**Work instruction**
A word-for-word copy of the data, pictures excluded, is what this task asks for.

─── Collected material ───

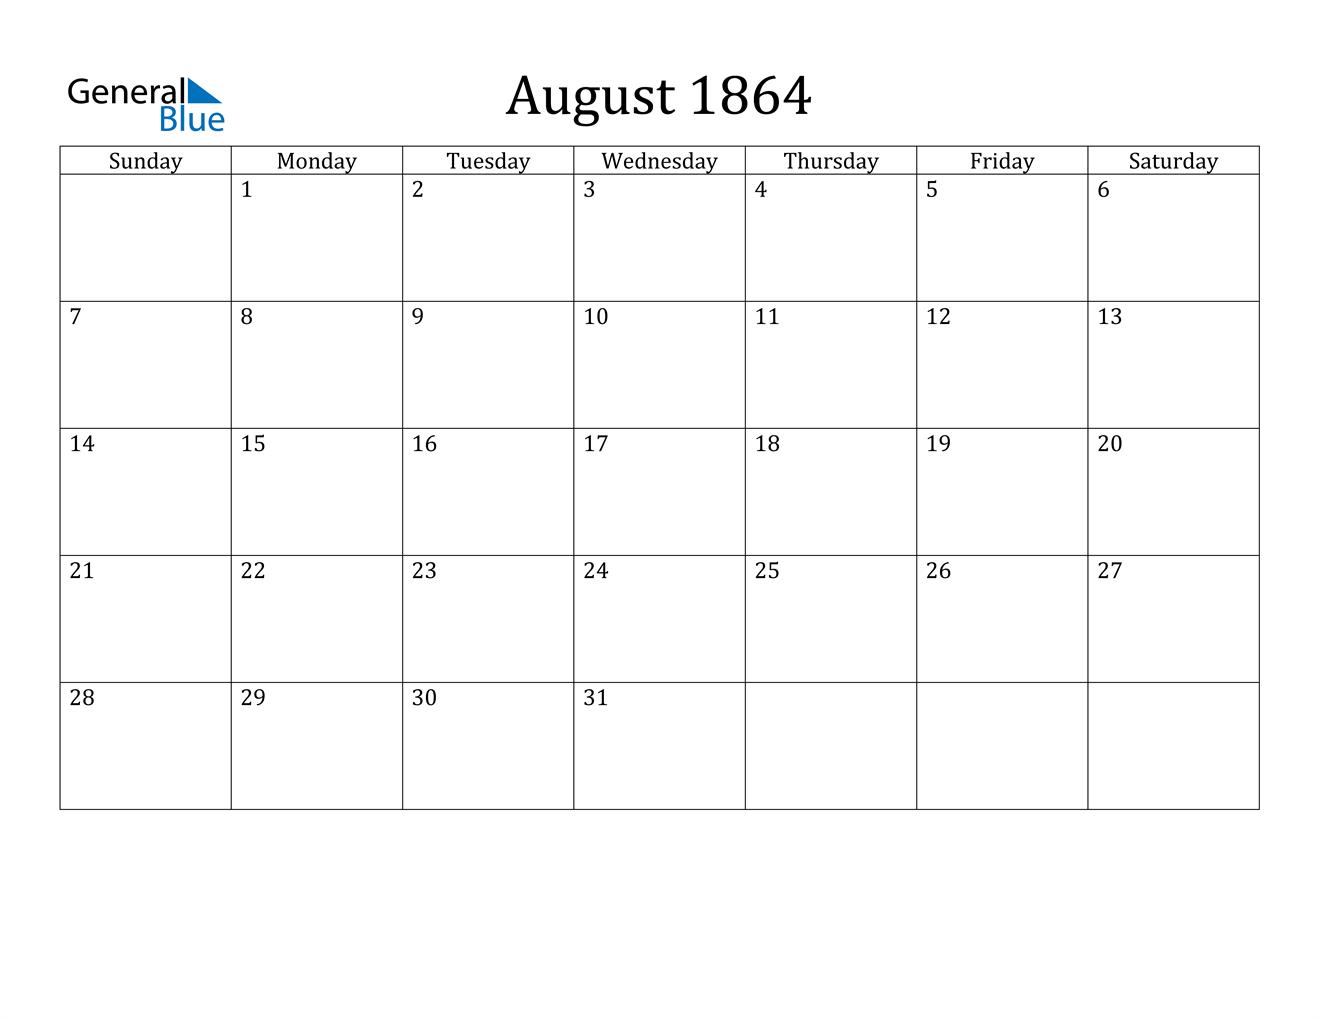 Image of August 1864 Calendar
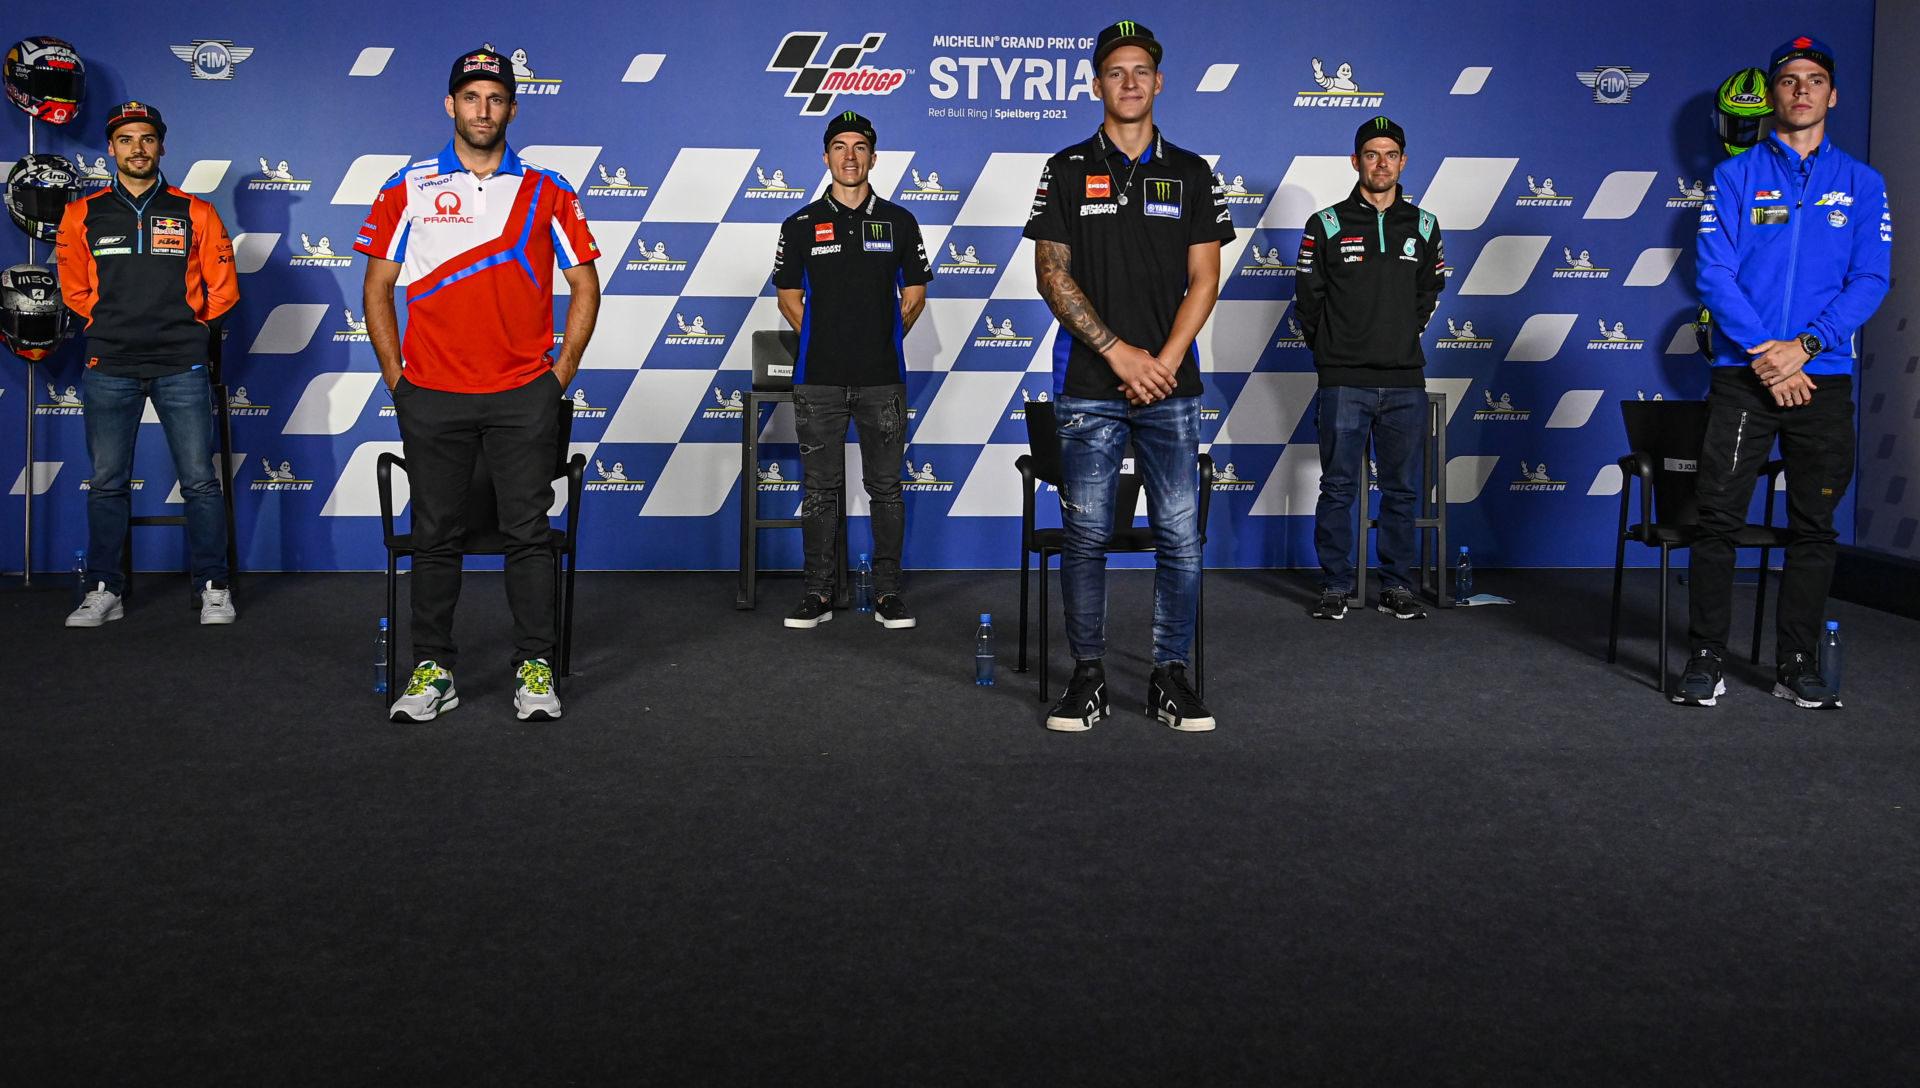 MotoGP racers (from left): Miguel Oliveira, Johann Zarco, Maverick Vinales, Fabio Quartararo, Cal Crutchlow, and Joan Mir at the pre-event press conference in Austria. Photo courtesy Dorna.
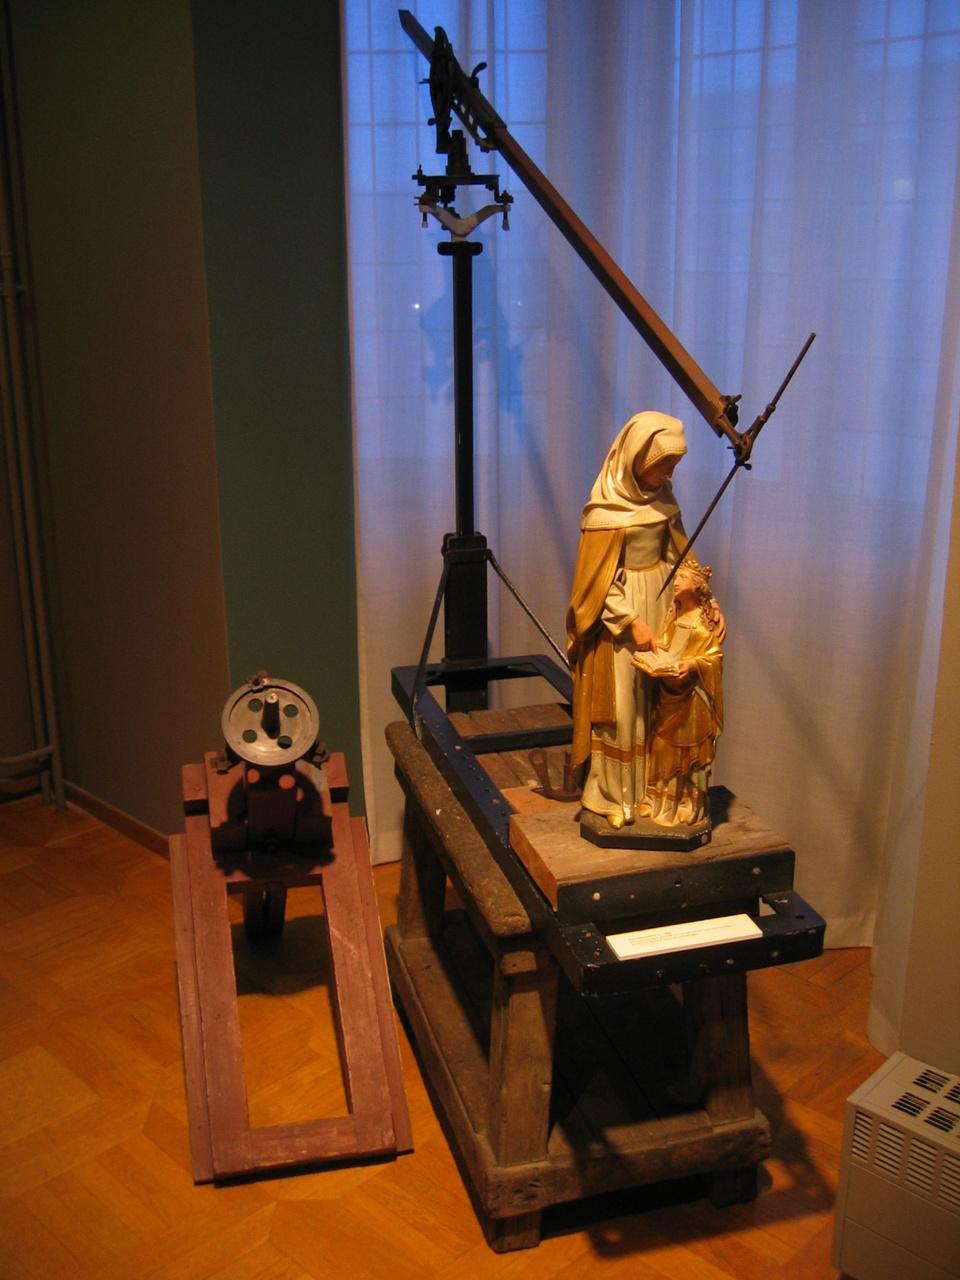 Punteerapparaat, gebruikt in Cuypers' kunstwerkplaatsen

───

**Solved problem**
 Image of August 1864 Calendar
 MotoGP racers (from left): Miguel Oliveira, Johann Zarco, Maverick Vinales, Fabio Quartararo, Cal Crutchlow, and Joan Mir at the pre-event press conference in Austria. Photo courtesy Dorna.
 Punteerapparaat, gebruikt in Cuypers' kunstwerkplaatsen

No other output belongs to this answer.